Is there truly something we might call a “Cretan glance”? Is there a way of conceptualizing and experiencing the things of this earth – in all their aspects, from everyday life to celebrations, weddings or other occasions – which might be claimed to be exclusively Cretan, in addition to being entirely virtuous and good, almost metaphysical? Is there a way of expressing what Dionysios Solomos called the “movements of the soul” – unyielding obstinacy, generous hospitality and pride, which, in the shallowest of characters is transformed into self-adoration – which could also be characterized as exclusively Cretan? 

Let’s leave genetics out of it, in part because we’re in danger of slipping into hyperbole and, in the end, insulting the entire island and its unique, long-lived intellectual tradition. And yet Kazantzakis, sure of the unique identity of his birthplace, introduced both the term and the hypothesis concerning a “Cretan glance,” a philosophical way of seeing that looks on chaos or on danger without fear or delusions. References to the “Cretan glance” can be found throughout his extensive and varied writings, while a brief synopsis of the theory can be found in his “Report to Greco, where he writes: “My personal life has some value, extremely relative, for myself and no one else. The sole value I acknowledge in it was its effort to mount from one step to the next and reach the highest point to which its strength and doggedness could bring it: the summit I arbitrarily named the ‘Cretan Glance.’” For Kazantzakis, man sprouts wings and flies only if he reaches the edge of the yawning chasm.

Venizelos, Kazantzakis and Xylouris were three figures of rare quality, each exceptional in his own realms − since none of this triad was one-dimensional. And while the writer-philosopher in the group may have believed that Crete is shaped primarily by its kouzoulous, its screwballs, rather than its family men, none of those three were screwballs in the least.

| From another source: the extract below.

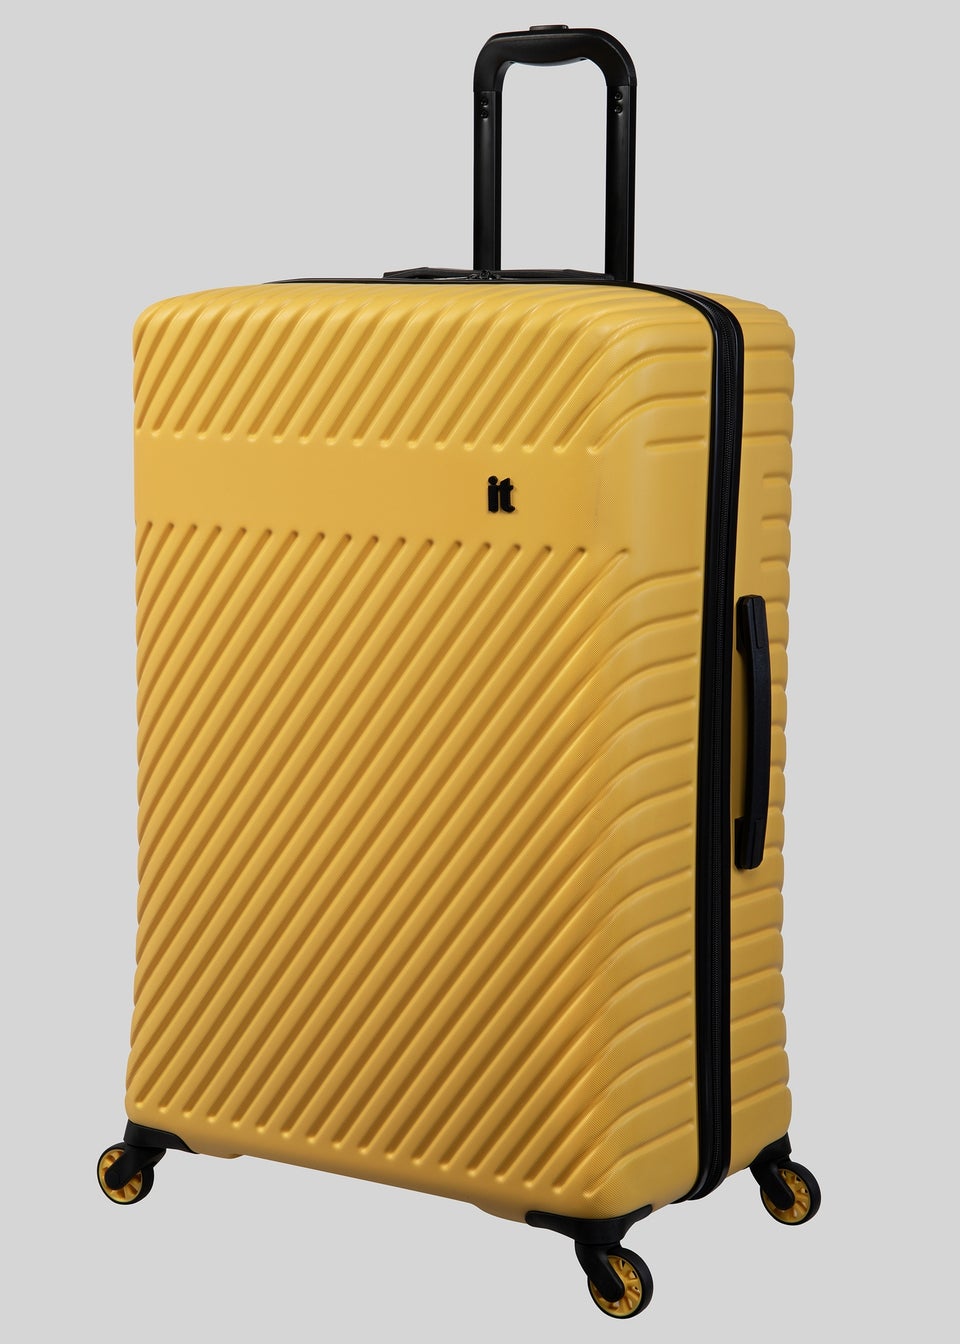 IT Luggage Yellow Hard Shell Suitcase

The politician in this group, leader of the Cretan Revolution that began in the village of Theriso and the prime minister of the entire country on seven separate occasions, saw Greece from the vantage point of Crete. He saw a greater Greece – geographically, politically, and spiritually – than the one defined by its borders at the end of the 19th and the first quarter of the 20th centuries, and left extraordinarily important marks on the nation’s body, expansive and bloody marks that continue to invite the work of researchers.

 

Kazantzakis, meanwhile, saw the whole world from Crete. At the same time, during his travels all over the globe, he kept glancing back towards Crete, or perhaps towards the image of Crete he himself had formed. Now, at the end of the second decade of the 21st century, he remains the Greek author with the widest international recognition – even more so than CP Cavafy – and his works, including the difficult “Odyssey: A Modern Sequel,” continue to be translated. (For many Cretans, however, their island appears more authentically, less a thing of myth, in the pages of Ioannis Kondylakis.)

Xylouris’ glance embraced Athens, and from there all of Greece, all while still keeping his Cretan heritage intact. His greatest accomplishment was that his songs transcended the local folk elements within them to become a part of the national cultural heritage of all Greeks. They belong to us all.